1491 before Columbus

From The Atlantic:
Before it became the New World, the Western Hemisphere was vastly more populous and sophisticated than has been thought—an altogether more salubrious place to live at the time than, say, Europe. New evidence of both the extent of the population and its agricultural advancement leads to a remarkable conjecture: the Amazon rain forest may be largely a human artifact.
The claims about the Amazon seem, at least on their face, more open to skepticism than what now fairly well known -- that the civilizations of the Americas were more developed, and more populated, than once thought. Though archaeological evidence of American civilization isn't quite as bare as the naysayers seem to be saying -- I've been reading about earthworks and the like found in North America from fairly credible sources for a while. And we shouldn't be surprised how quickly "nature" reclaims our civilizations, though also what an effect we can render on the world.

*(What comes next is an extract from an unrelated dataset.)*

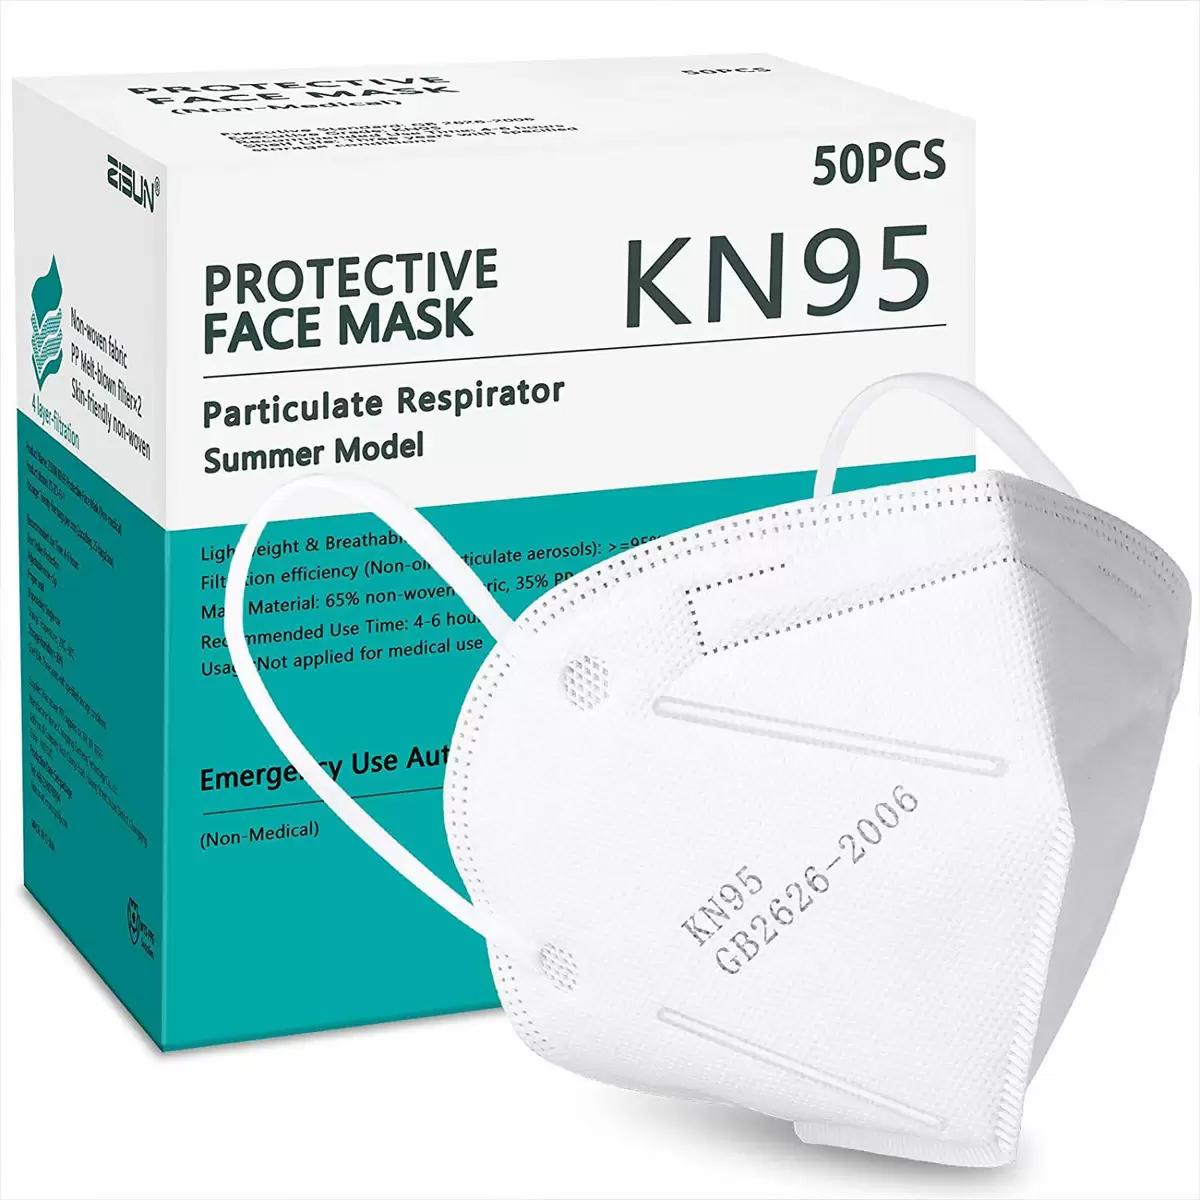 50 ChiSip KN95 Face Mask for $6.51 Shipped

Either way, this article is admirable in its approach. The author manages to dig into what psychological motivates different factions likely have behind their theories. Though it's not fully explored, this is something I think that needs to get much more attention in the social sciences. Even a passing interest in history will show such a wide range of contested theories by intelligent people. Some might say "they all can't be right," which is true, but given what we have to work on I think our unconscious motives for constructing a particular narrative might play more of a role than anything else. A lot of it we can simply never know for sure. And that's what we will forever butt our heads against -- the intractable and uncertain, lost past, and the ways our narratives can render a very real effect in the world, whether or not they are grounded in fact, after all.